Zola cominciò a scrivere Al paradiso delle signore (Au bonheur des dames) il 28 maggio 1882 e lo terminò il 25 gennaio 1883. Per documentarsi, come sempre faceva prima di accingersi alla stesura di una nuova opera, aveva visitato a lungo i grandi magazzini La Place de Clichy, il Bon Marché, il Louvre intervistando direttori, commessi, responsabili delle cucine, contabili, addetti agli uffici amministrativi. Fotografando, prendendo ogni genere di appunti. Le Galeries Printemps funzionavano già dal 1870. Il primo nucleo di quelle che oggi sono le Galeries Lafayette è invece del 1893.

Mi è sempre impossibile entrare alle Printemps o alle Lafayette senza pensare alle descrizioni che Zola fa del grande magazzino Al paradiso delle signore creato da Octave Mouret, il protagonista del suo romanzo.

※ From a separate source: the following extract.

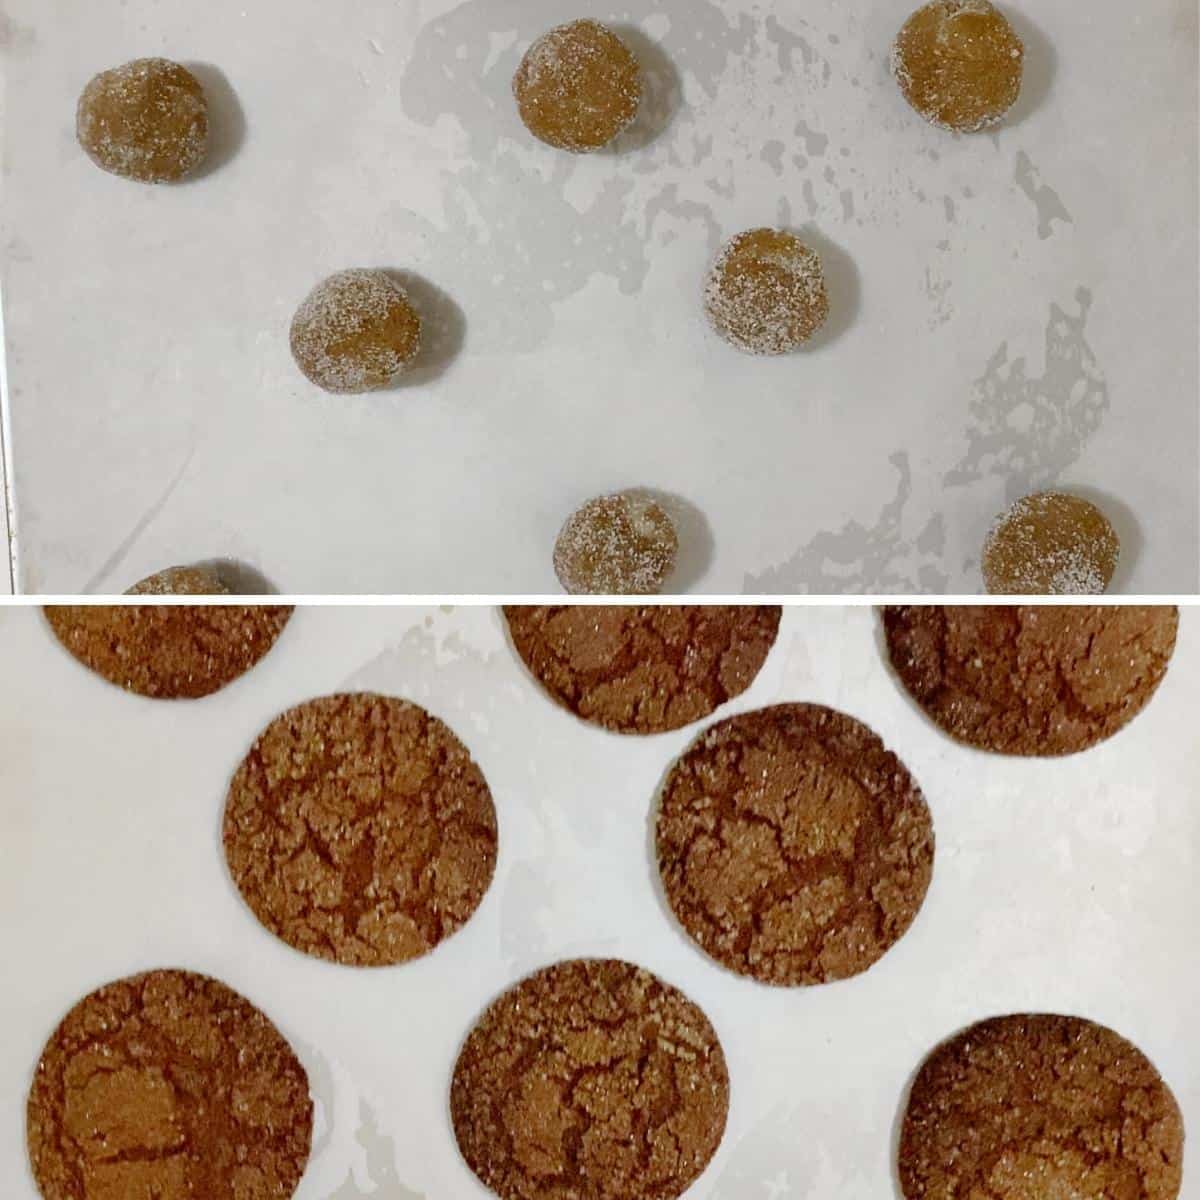 Progress pictures baking the molasses cookies.
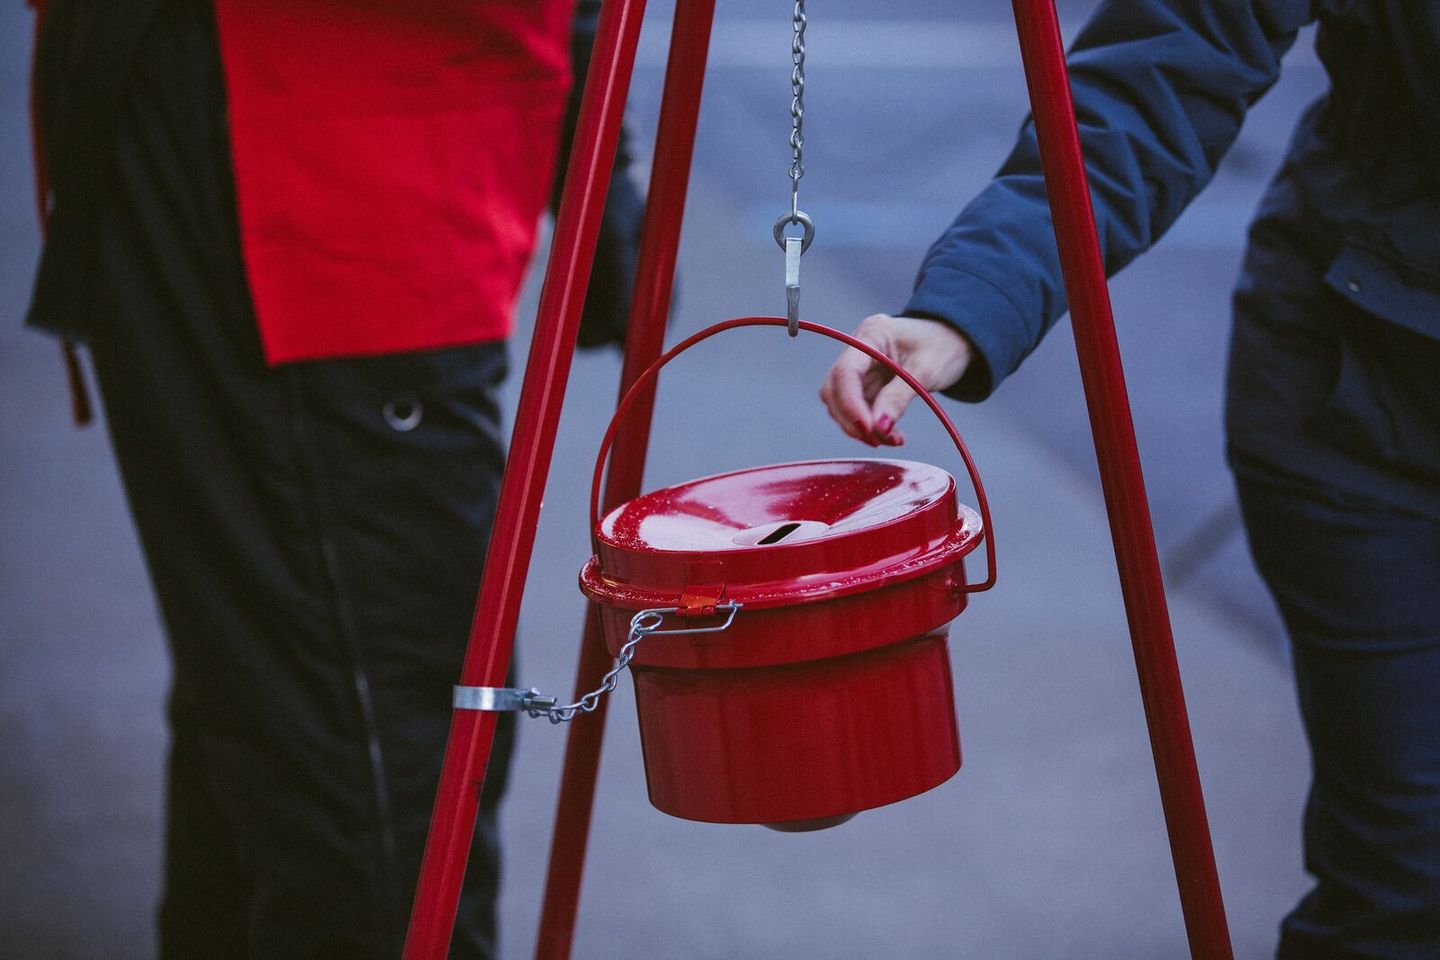 Salvation Army turun 8% saat liburan dengan permintaan tinggi semakin dekat, kata pejabat

"A forma di navata, la grande galleria somigliava all’interno della tettoia di una stazione, contornata dalla rampe dei due piani, intramezzata da scale sussidiarie, traversata da ponti volanti,. Scale di ferro a doppio giro, di curvatura ardita, con un gran numero di ripiani; ponti di ferro, sospesi nel vuoto, slanciati dritti  verso l’alto,. E tutto quel ferro, sotto il bianco risplendere dei vetri, componeva un’architettura leggera, un trina complicata, attraverso cui passva la luce del giorno. Era come un palazzo sognato e poi tradotto nella realtà la più moderna; una babele sorgente da piano a piano, allargantesi nelle sale, aperta in "fughe" verso altri ballatoi e verso altre stanze, all’infinito. Del resto, il ferro signoreggiava dappertutto […] nel basso, per non nuocere alla vista delle mercanzie, gli ornamenti erano sobri, a tratti uniti, e di tono grigio. Poi, di mano in mano che la costuzione metallica saliva, i capitelli delle colonne si facevano più ricchi, le ribaditure formavano rosoni, le modanature e gli aggetti s’empivano di figure scolpite. Al termine, lassù, splendevano le verniciature verdi e rosse, frammezzo all’oro sparso senza economia, a strisce, a chiazze, fino alle invetriate, anch’esse, riquadro per riquadro, con motivi aurei […] mosaici e ceramiche facevano parte degli ornati, rinvispendo i fregi e mettendo note di freschezza all’insieme severo."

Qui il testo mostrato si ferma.